For home­brew­ing, I’d say go ahead and use a bunch of spe­cialty grain, and a thick body is an im­por­tant part. You don’t want it to come out too thin. Then, get the choco­late melted but never boiled and re­ally the most im­por­tant thing is us­ing high-qual­ity in­gre­di­ents, and then go to town. We’ve scaled up the process but still want to make sure it’s the way we want it to taste. If you mess with it too much, you get away from it. It’s an amaz­ing beer, but it’s still a pain in the ass to make.”

How long be­fore you guys started putting the beer into var­i­ous bar­rels?

“It was about two years af­ter we first made Break­fast Stout.
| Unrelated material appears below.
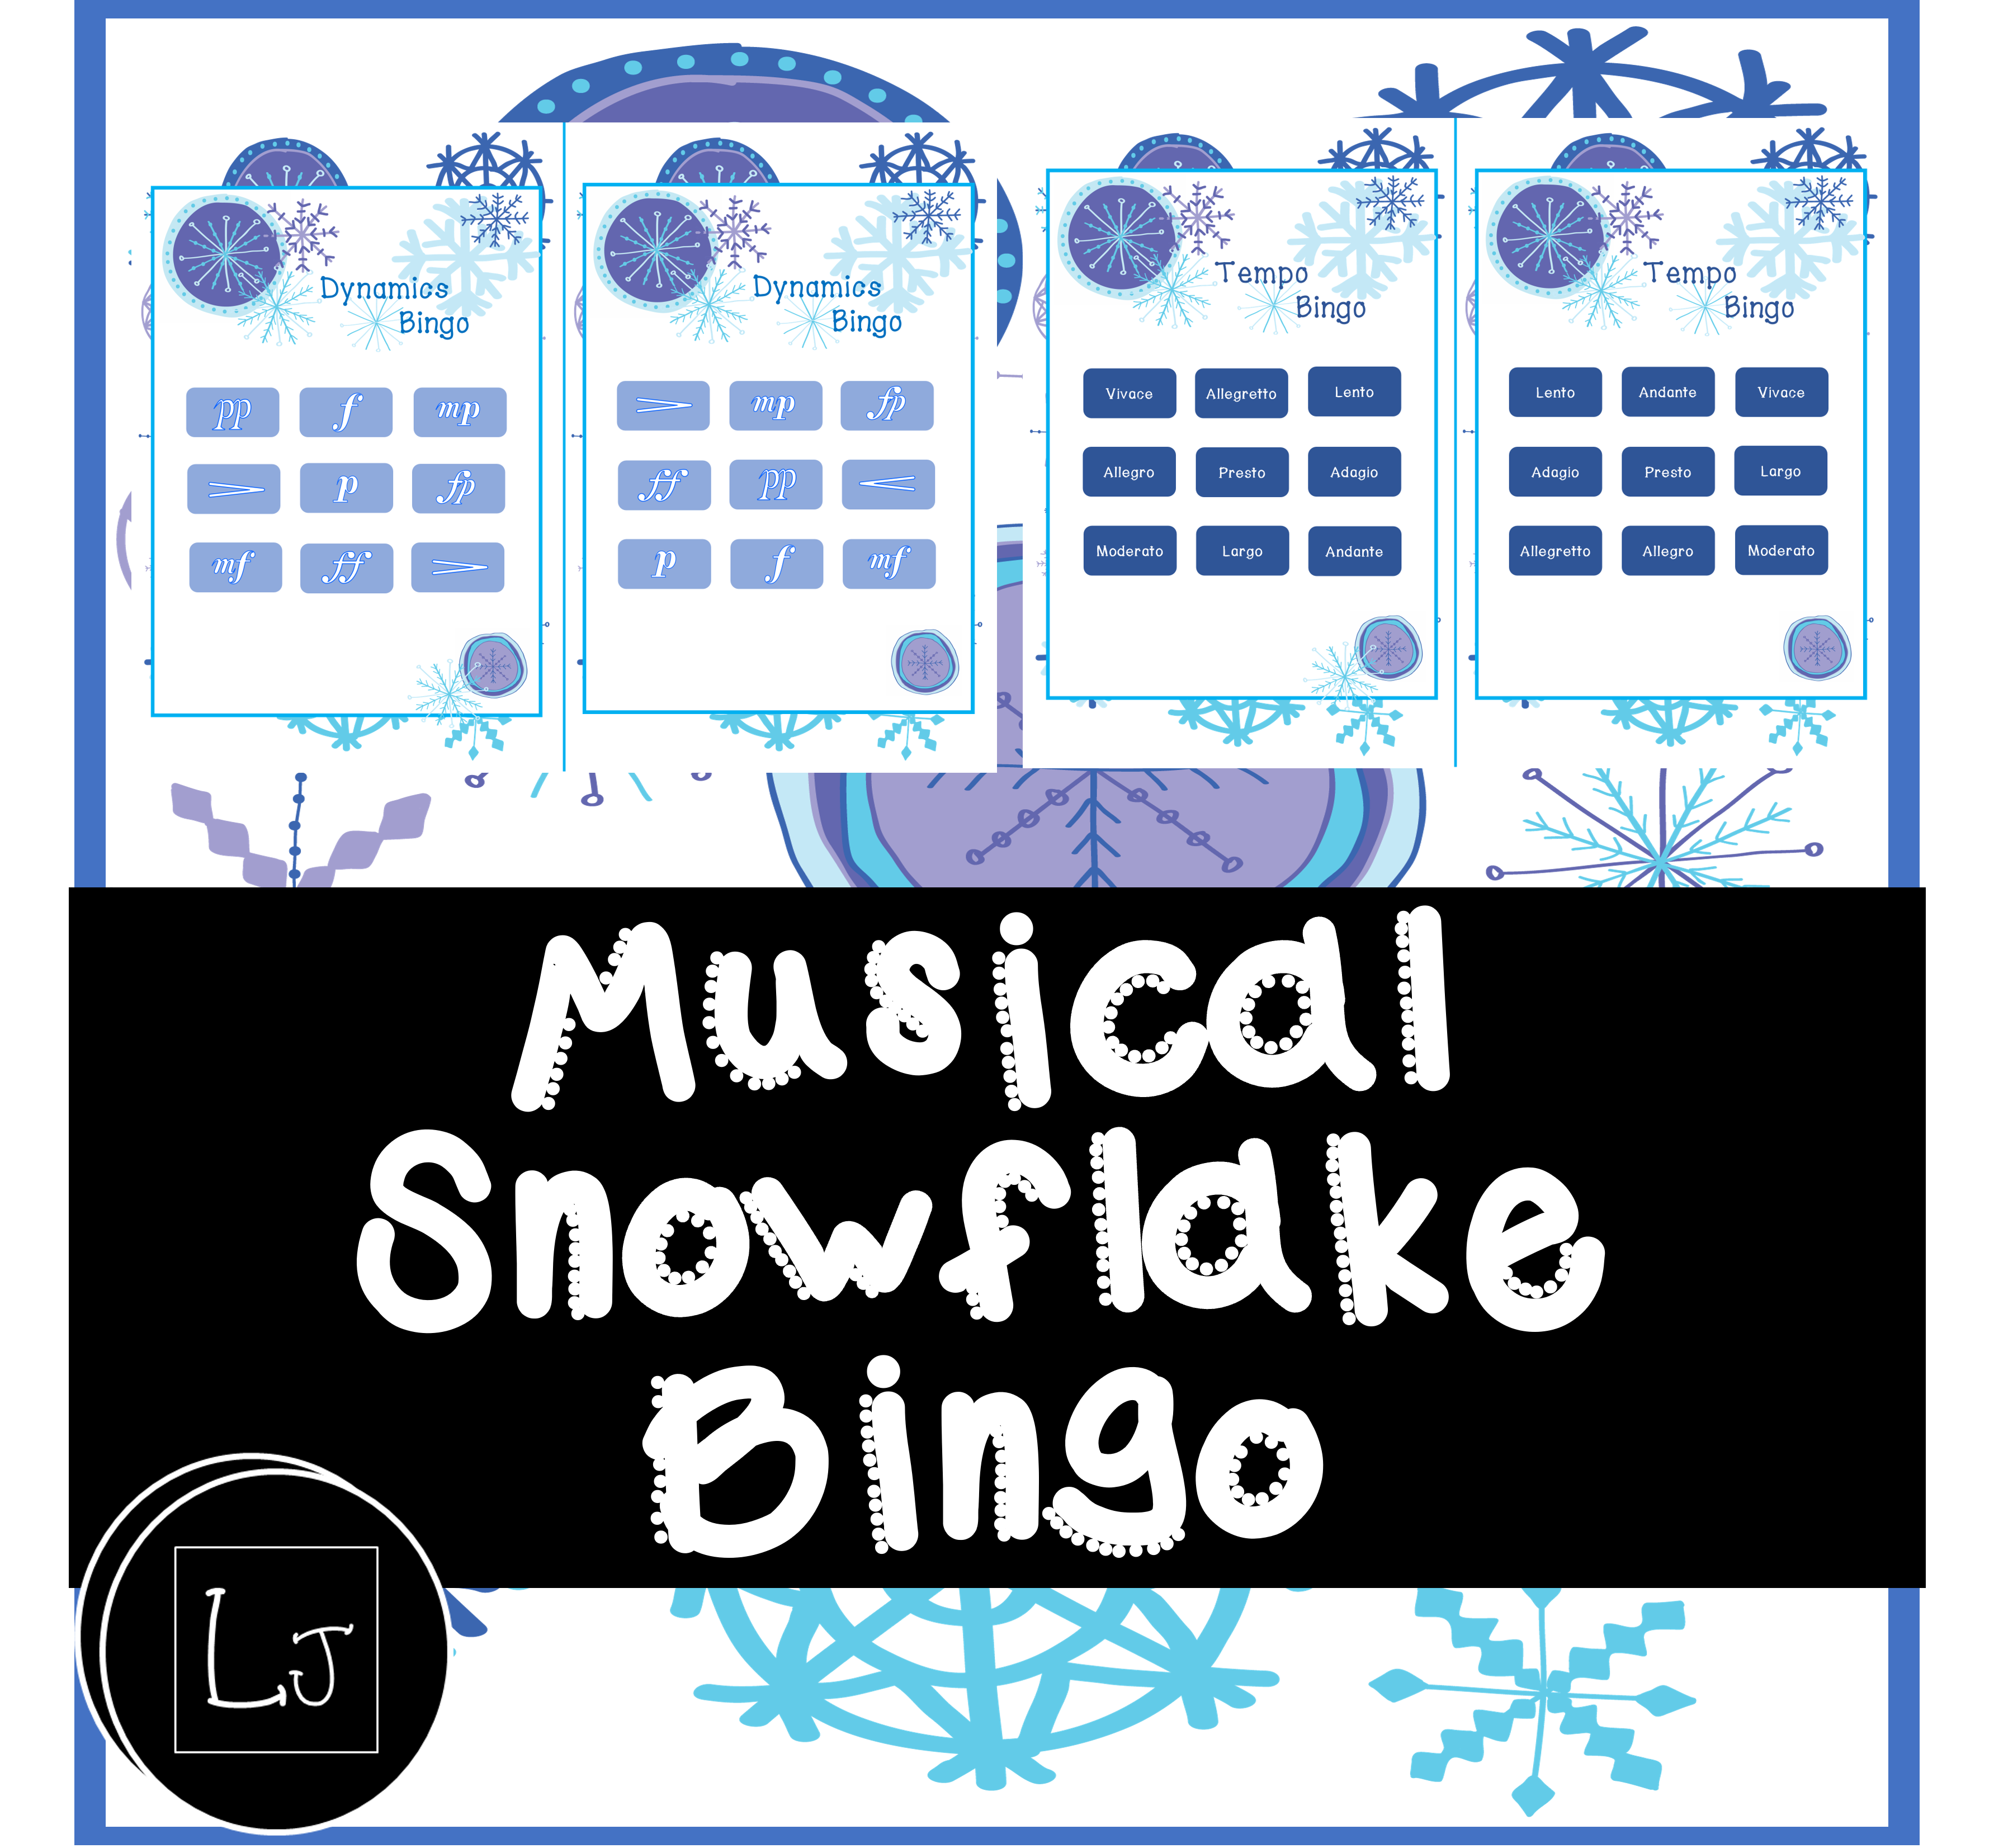 Italian music terms bingo snowflake

We got out first few bar­rels, and it just made sense to use them with the beer. That’s how Ken­tucky Break­fast Stout (KBS) came to be.

Then, there was a lo­cal guy, a chef and a foodie, who did a lot of bar­rel ag­ing, and he was ag­ing maple syrup in bour­bon bar­rels. He came by and asked if we wanted [the bar­rels] for beer. So we im­me­di­ately jumped on it, and at first we had only six or eight of them so it was a small batch that we dubbed Cana­dian Break­fast Stout (CBS). But, it just makes sense with the fla­vors of the bour­bon, plus the sweet and rich maple; all the fla­vors in the base beer just work re­ally well.”

You re­leased CBS again in late 2017 af­ter a sev­eral years’ ab­sence. These bar­rels are tougher to come by I imag­ine.

“They are. It’s why we only re­lease the beer when we can and not as of­ten as we’d like. We need more peo­ple to age maple syrup in bour­bon bar­rels!”